Through a series of regional, national and international projects with an array of collaborators, including Health Sciences Prof. Renate Ysseldyk and several Carleton students, Braedley has seen how to nurture healthy living and working conditions in seniors residences — and what happens when we don’t.
“It’s taken an incredible amount of death to bring appropriate attention — finally — to conditions in long-term care,” she says. “It’s frustrating that it took so much death for this to happen. But there’s a policy window now, an opening, for change. And people in the research community are lining up to help.”
Responding to the notion that Ontario is experiencing two parallel coronavirus outbreaks, one in the general community and one in LTC, Braedley says that these are not two distinct worlds.
The virus may have a more devastating impact on elderly people, but LTC employees live in the community, and the working and living conditions within the LTC system — the heart of Braedley’s research — have made it impossible to prevent transmission.
“They’re not separate pandemics,” she says. “They’re connected by workers.”
Elder Care Plummets Amid Privatization
The quality of elder care in the province started declining dramatically in the late 1990s, according to Braedley, amid the privatization drive of former premier Mike Harris. The system tilted not only toward private for-profit LTC facilities, but also residences owned by corporate chains.

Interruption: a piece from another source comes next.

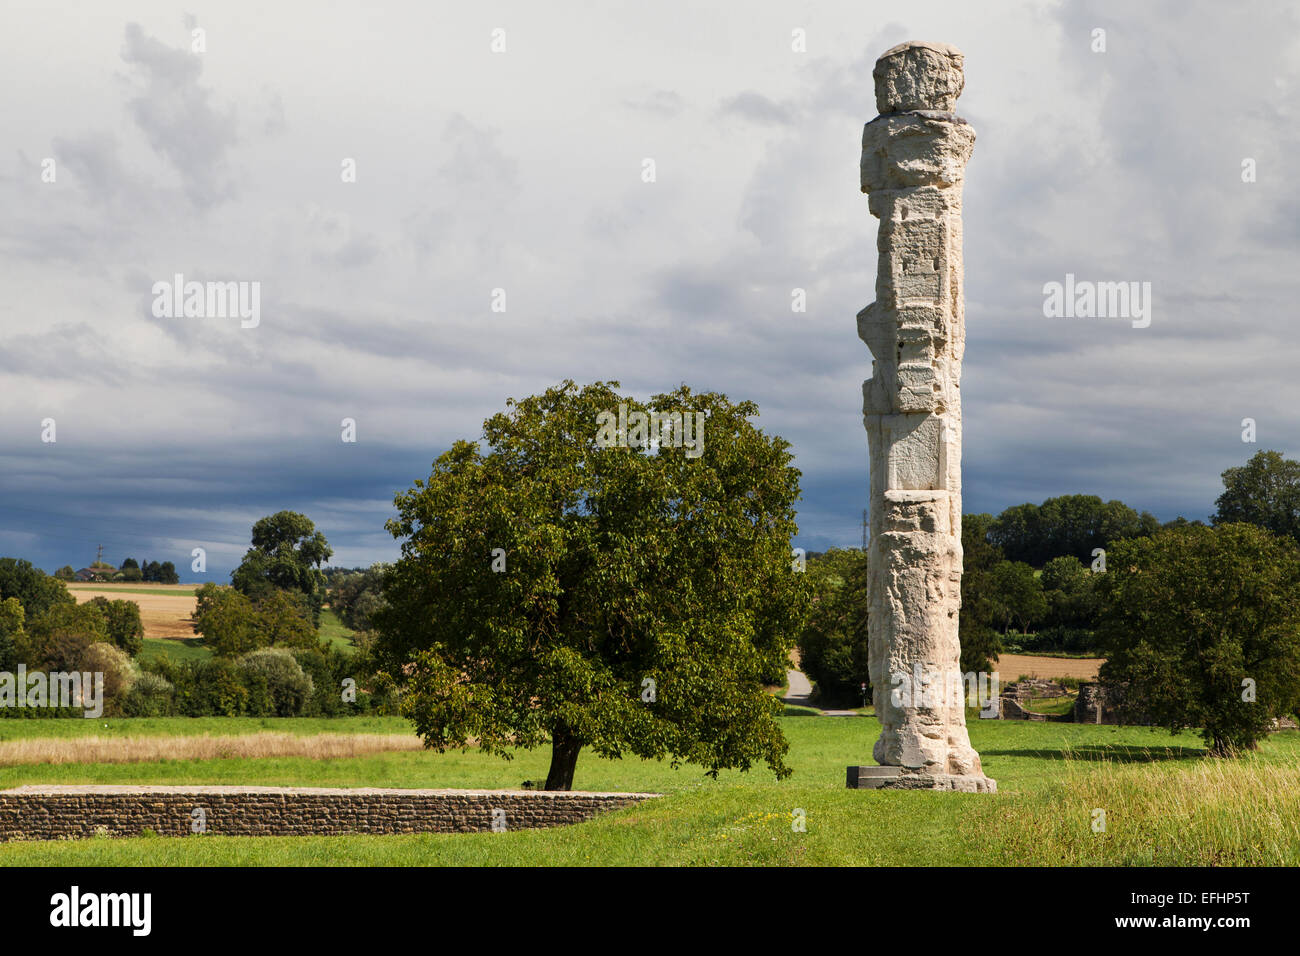 Ruined pillar of the ancient temple of Cigognier in Avenches, Switzerland. Stock Photo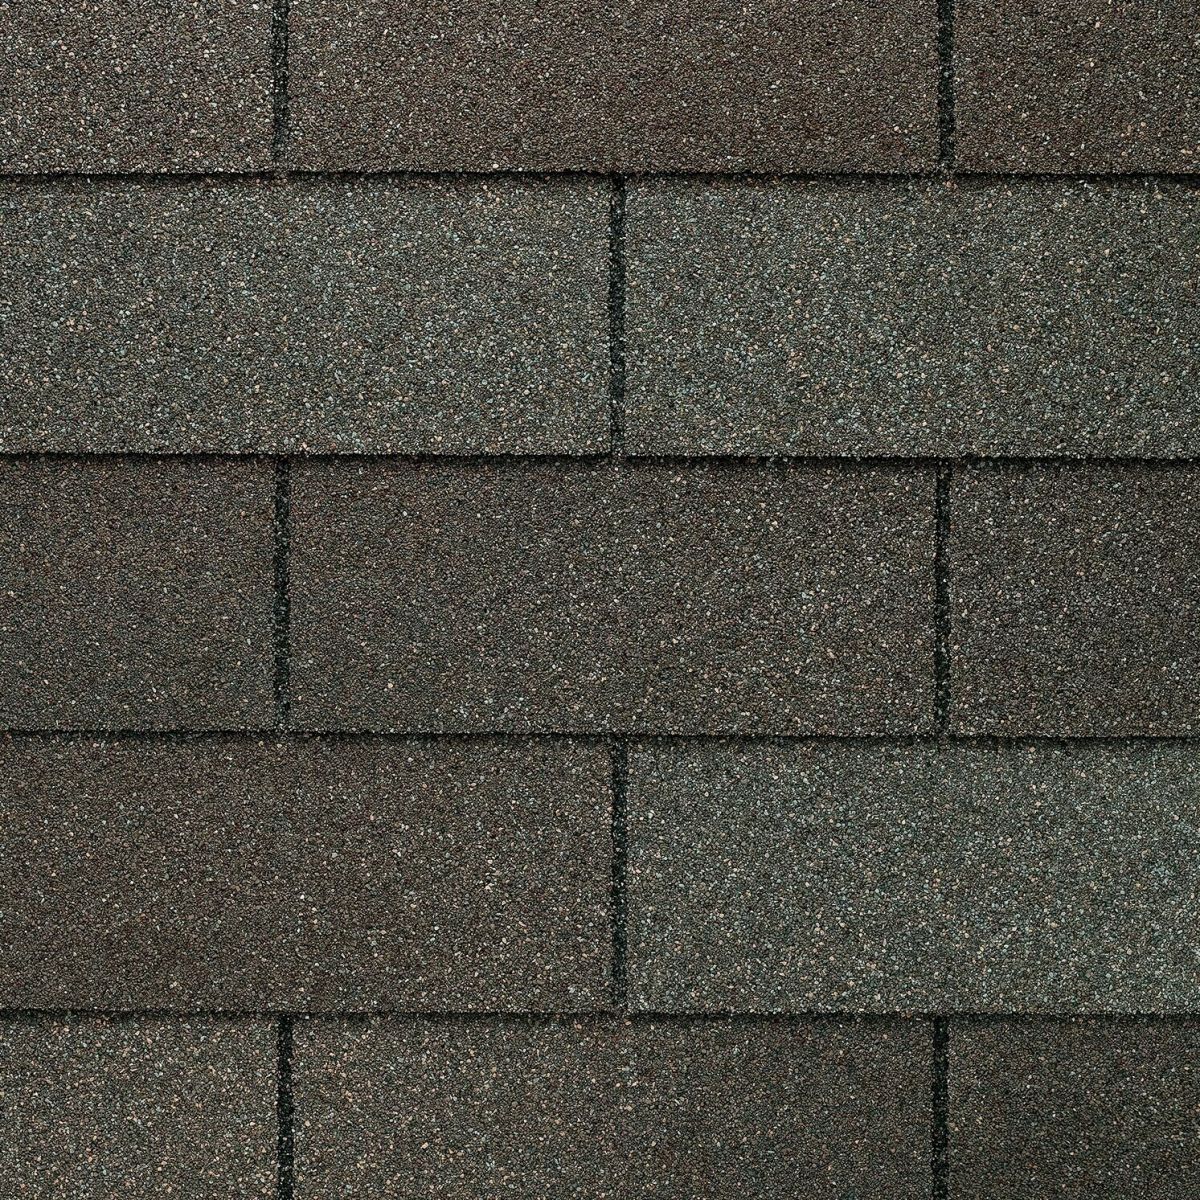 Campbell's Precision Roofing Images

Bed supply became limited at the same time as a rapidly aging population increased demand, leading to long wait lists, with admission reserved for those who most needed care. Meanwhile, the provincial government removed legislated requirements to provide guaranteed hours of care for each resident. The result has been greater resident needs with no corresponding increase in staff hours or resources.
Moreover, even public non-profit facilities ramped up outsourcing of services to private companies that could “thermalize” food that had been cooked and frozen offsite or clean clothing and bedding more cheaply than unionized staff. (Laundry, in particular, can lead to cross-contamination and disease transmission if not done safely, yet saving money trumped quality of care for many LTC operators).

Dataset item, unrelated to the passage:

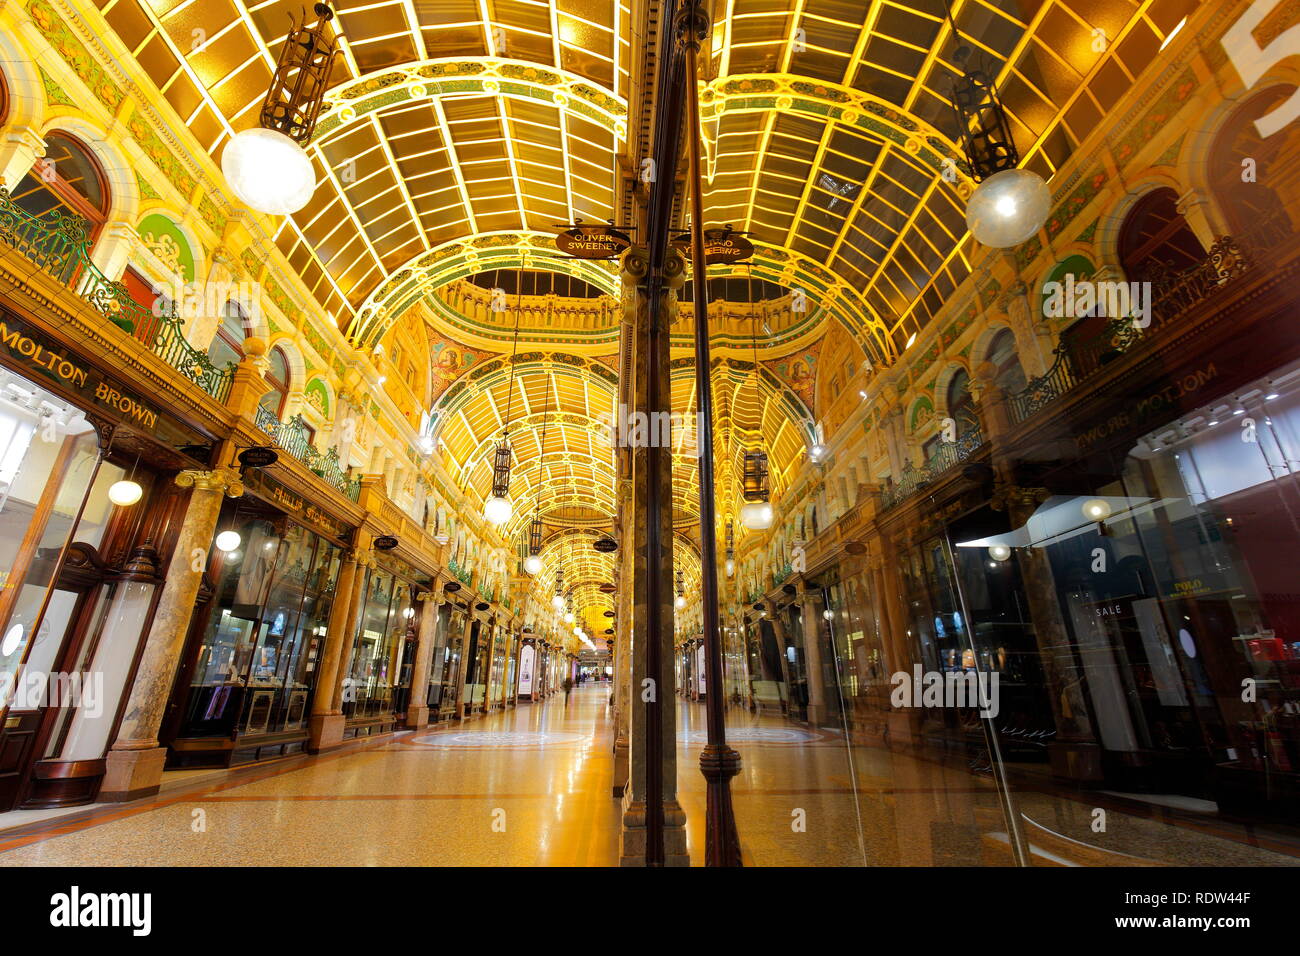 County Arcade is part of the Victoria Quarter Shopping Complex in Leeds. Stock Photo

Cumulatively, these changes led to the perfect storm that the pandemic exposed, says Braedley, who focused on children and mental health as a social worker for 17 years before deciding to go back to graduate school in 2003.
She earned her PhD at Toronto’s York University, with postdoctoral work supervised by Sociology Prof. Pat Armstrong, a double Carleton grad and one of Canada’s leading LTC researchers.
Braedley has collaborated with Armstrong on a number of projects since then, including the Social Sciences and Humanities Research Council of Canada (SSHRC) partnership “Re-imagining Long-Term Residential Care: International Promising Practices,” from 2010 to 2018, and “Changes Places: Unpaid Work in Residential Spaces,” a 2016 to 2020 study funded by a SSHRC Insight Grant that looked at the unpaid labour of workers, family members and volunteers in LTC in four countries, with eastern and central Ontario among the Canadian locations.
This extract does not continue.